Mozambique’s debt interest costs rose 12% in 2024, totaling €857.4 million. Domestic debt surged by 13%, while external debt interest payments grew by 9.5%. The country’s public debt exceeded €15.8 billion, with alarming trends indicating risks of unsustainable growth due to increasing domestic borrowing.
Mozambique’s interest expenses on its debt increased by 12% in 2024, reaching 57.608 billion meticais (€857.4 million), as reported by Lusa. This reflects a rise from 49.929 billion meticais (€743 million) spent on debt servicing in 2023. Notably, interest on domestic debt soared by 13% to over 45.691 billion meticais (€680 million), while external debt interest payments climbed to nearly 11.395 billion meticais (€177.6 million), marking a 9.5% increase over the previous year.
The public debt of Mozambique surpassed 1 billion meticais (€15.8 billion) in 2024, illustrating a 9% annual growth. By the end of December 2024, the domestic debt stock totaled over 407.085 billion meticais (€6,139 million), and the external debt stock rose to 636.548 billion meticais (€9,600 million). Furthermore, external debt saw a 1.4% rise, largely attributed to adjustments linked to the newer debt management system, ‘Meridian’.
Domestic debt experienced a 21.8% increase primarily due to the issuance of Treasury Bills worth 46.162 billion meticais (€696.2 million) and a Credit Facility with the central bank amounting to 28.1 billion meticais (€423.8 million).

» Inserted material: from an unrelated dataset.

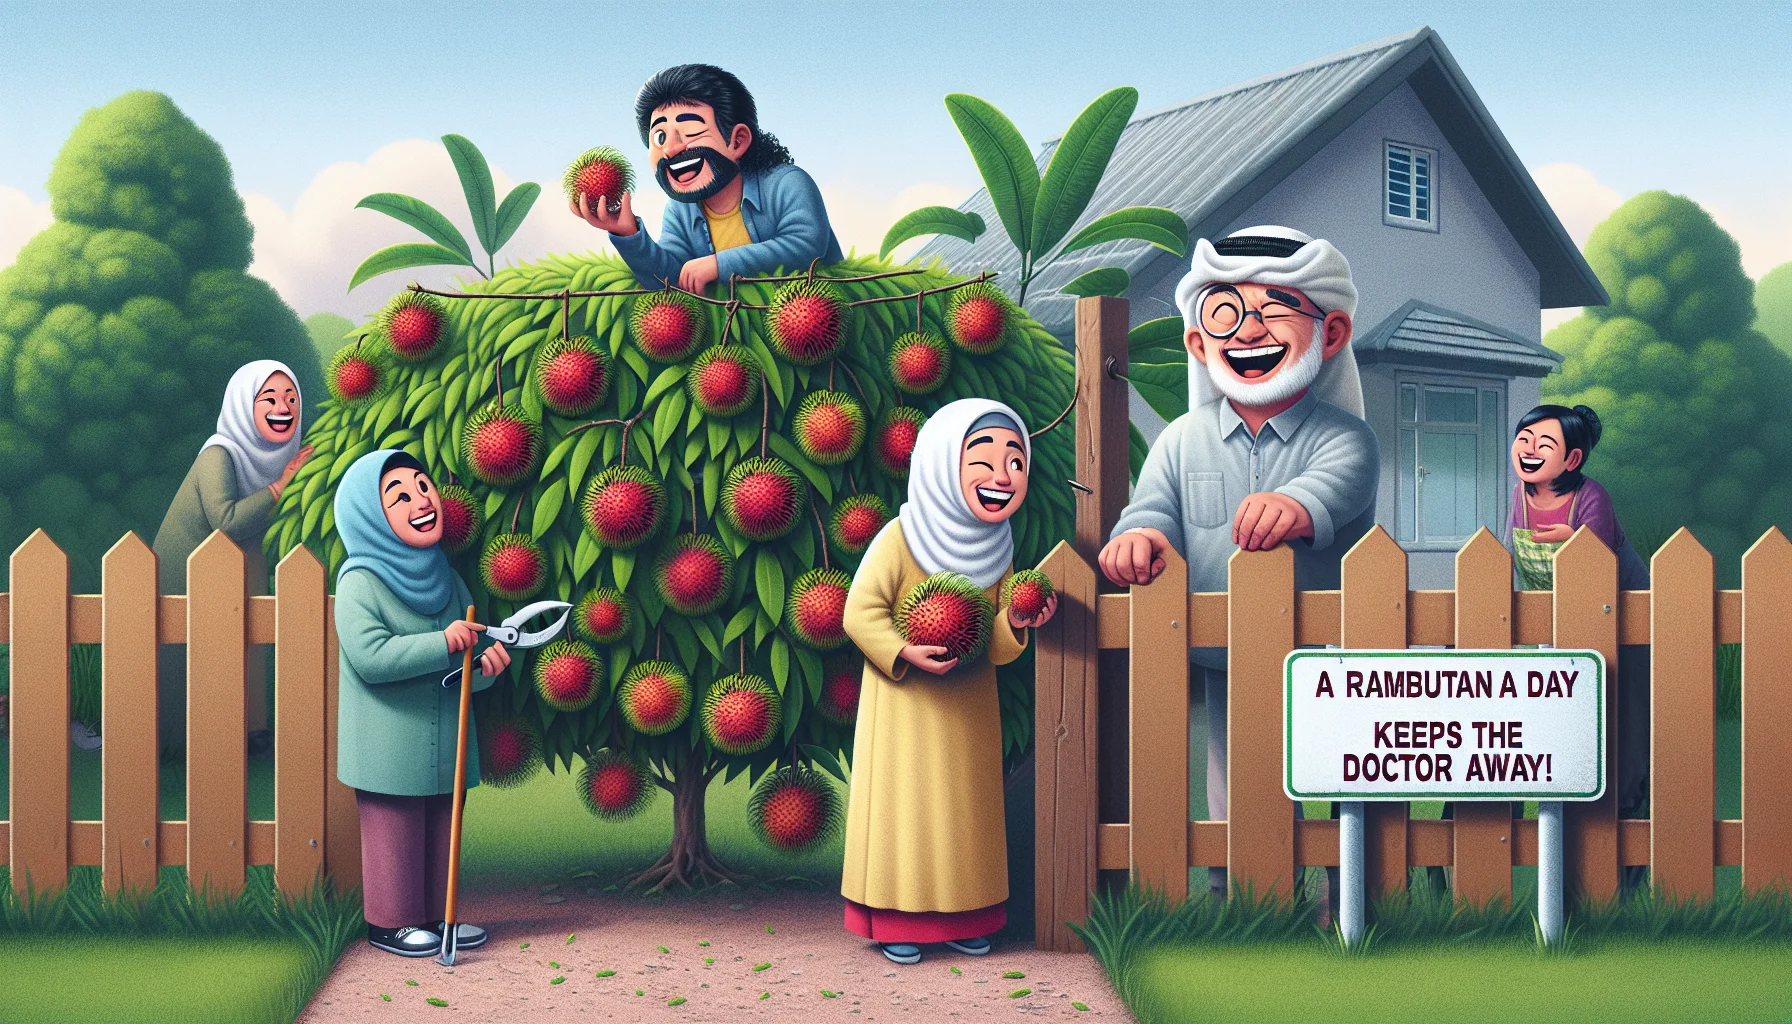 Create a funny and realistic scene of a suburban backyard garden where a Middle-Eastern male and a South Asian female are joyfully tending to their rambutan trees. The trees are laden with large, juicy rambutans which are drawing the attention of amused and envious neighbors of varying descents and genders peering over the fence. A signpost nearby humorously states: 'A Rambutan a day keeps the doctor away!' Nearby, a healthy, robust individual marks the contrast, showing the implied benefits of rambutan consumption, winking and holding a big, shiny rambutan fruit.

Earlier in April, the 2023 public debt report by the Mozambican Ministry of Economy and Finance expressed concerns about the rapid growth of domestic debt, underscoring a potential future imbalance between domestic and foreign debt.
The report cautioned that if current domestic debt growth persists over the next five years, the composition of the debt portfolio could shift to a 50% domestic and 50% foreign ratio by 2029. This scenario would undermine efforts to stabilize the situation, particularly as interest rates for Treasury Bills have risen significantly, with the weighted average interest rate on government loans escalating from 5% in 2021 to 6.5% in 2023, a total increase of 150 basis points. Moreover, the report highlighted the refinancing risk posed by short-term maturity concentration, which remains a critical vulnerability.
In summary, Mozambique’s debt interest payments have significantly surged, raising concerns over domestic debt sustainability. With domestic debt rising faster than foreign debt, there is a looming risk of an unfavorable balance potentially detrimental to the country’s fiscal stability. Continued monitoring and strategic debt management will be essential to address these challenges and mitigate refinancing risks in the future.